Oral cancer is a virulent form of the disease, with a nearly 50 percent mortality rate. Early diagnosis is one of the keys to successful treatment; patients whose cancer is found and treated early have a much better survival rate. Unfortunately, the current method of diagnosing the disease, which involves excision and biopsy of tissue, is both invasive and expensive. It is also prone to errors because of under-sampling. A better method for diagnosing this disease would be a great benefit.

Two MSI Principal Investigators, Associate Professor Frank Ondrey (Director of Research and Clinical Trials,  Otolaryngology - Medical School) and Associate Professor Timothy Griffin (Biochemistry, Molecular Biology, and Biophysics - Medical School and College of Biological Sciences), are co-authors with several colleagues from China and the University of Minnesota on a recent paper in PLos One that discusses a new, proteomics-based method of diagnosing oral cancer. Cells retrieved via a non-invasive oral brush biopsy were tested using mass spectrometry-based proteomics. The researchers found that the secretory leukocyte protease inhibitor (SLPI) was greatly reduced in samples from cancerous and pre-cancerous lesions, compared to normal tissue. This suggests that the reduction in SLPI could be a biomarker for oral cancer.

The paper can be read on the PLoS One website (Yang, Ya, Nelson L. Rhodus, Frank G. Ondrey, Beverly R. K. Wuertz, Xiaobing Chen, Yaqin Zhu, and Timothy J. Griffin. 2014. Quantitative proteomic analysis of oral brush biopsies identifies secretory leukocyte protease inhibitor as a promising, mechanism-based oral cancer biomarker. PLoS One 9 (4) (APR 18), 10.1371/journal.pone.0095389.). The authors used MSI software and hardware to perform data analysis.

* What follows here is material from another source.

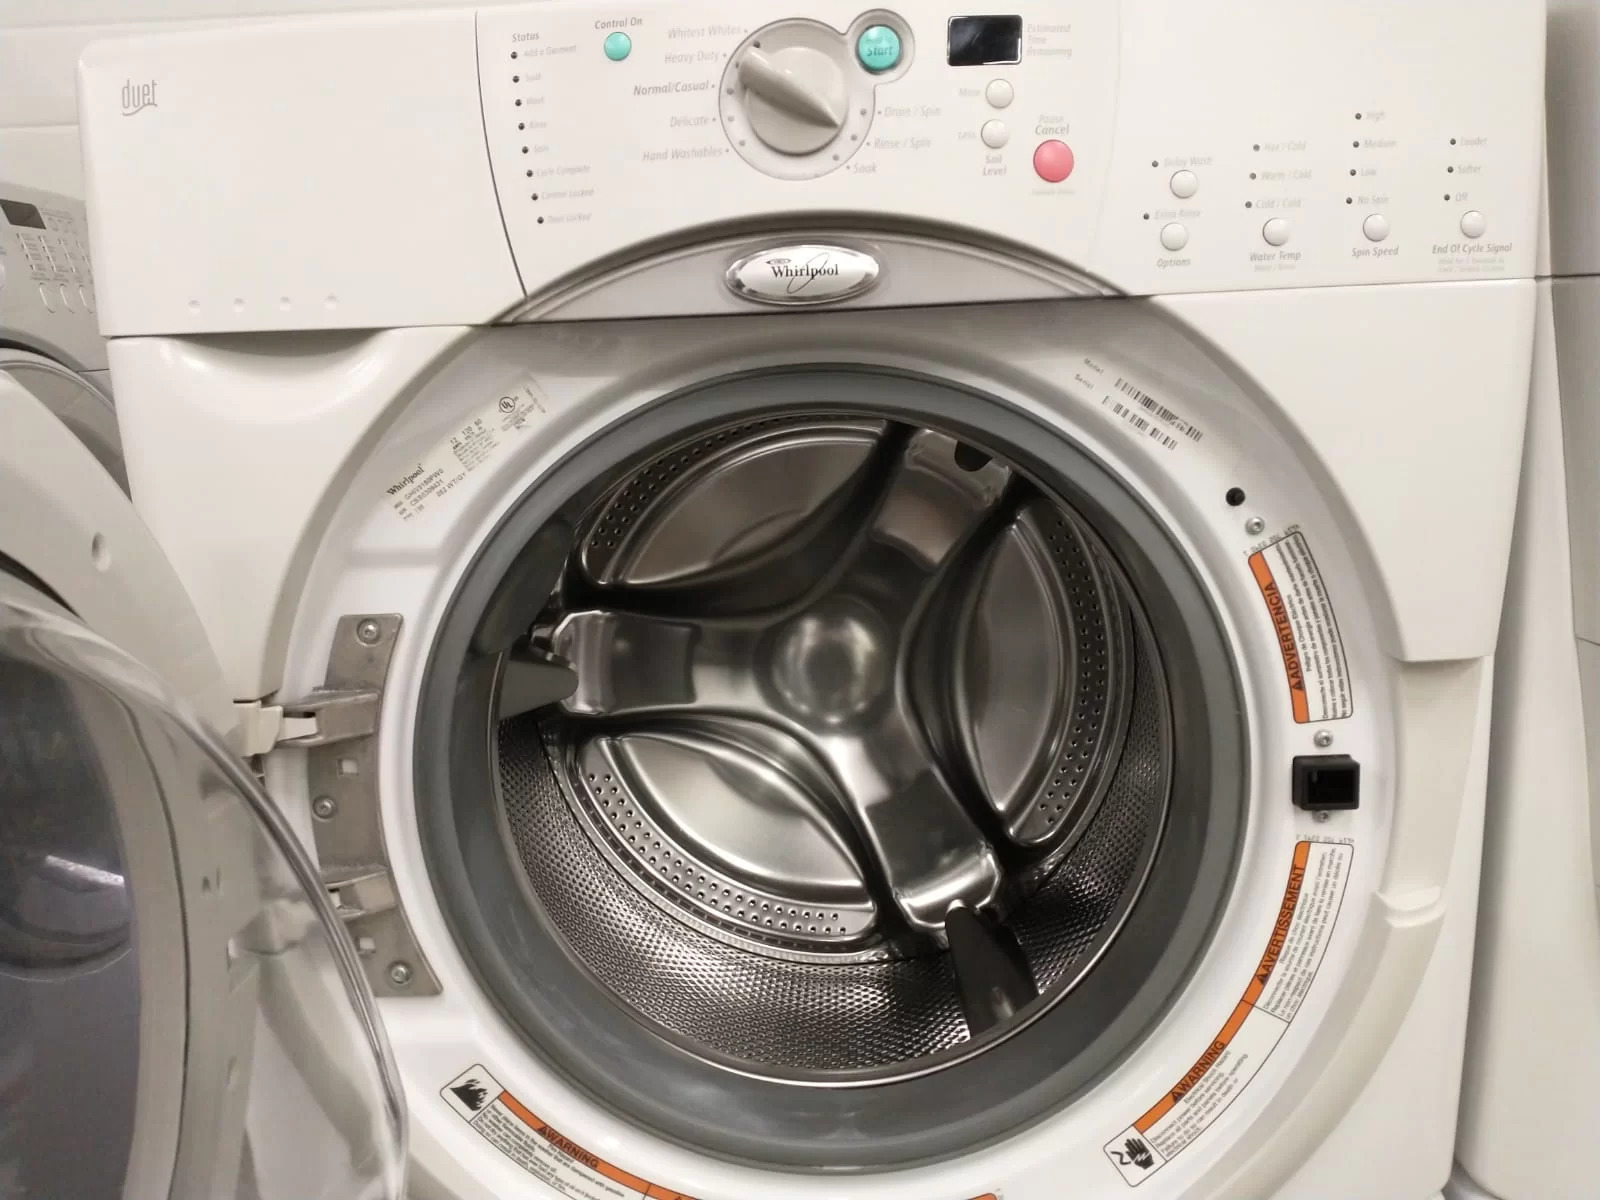 How To Fix The Error Code F15 For Whirlpool Washer

Image description: A. Brush biopsy collection and sample preparation protocol. B. Experimental design for quantitative MSI-based proteomics experiments. One experiment used matched tissue from oral premalignant lesion tissue, and the second used matched tissue from oral squamous cell carcinoma. Image and description, Y Yang et al., 2014, PLoS One, 10.1371/journal.pone.0095389.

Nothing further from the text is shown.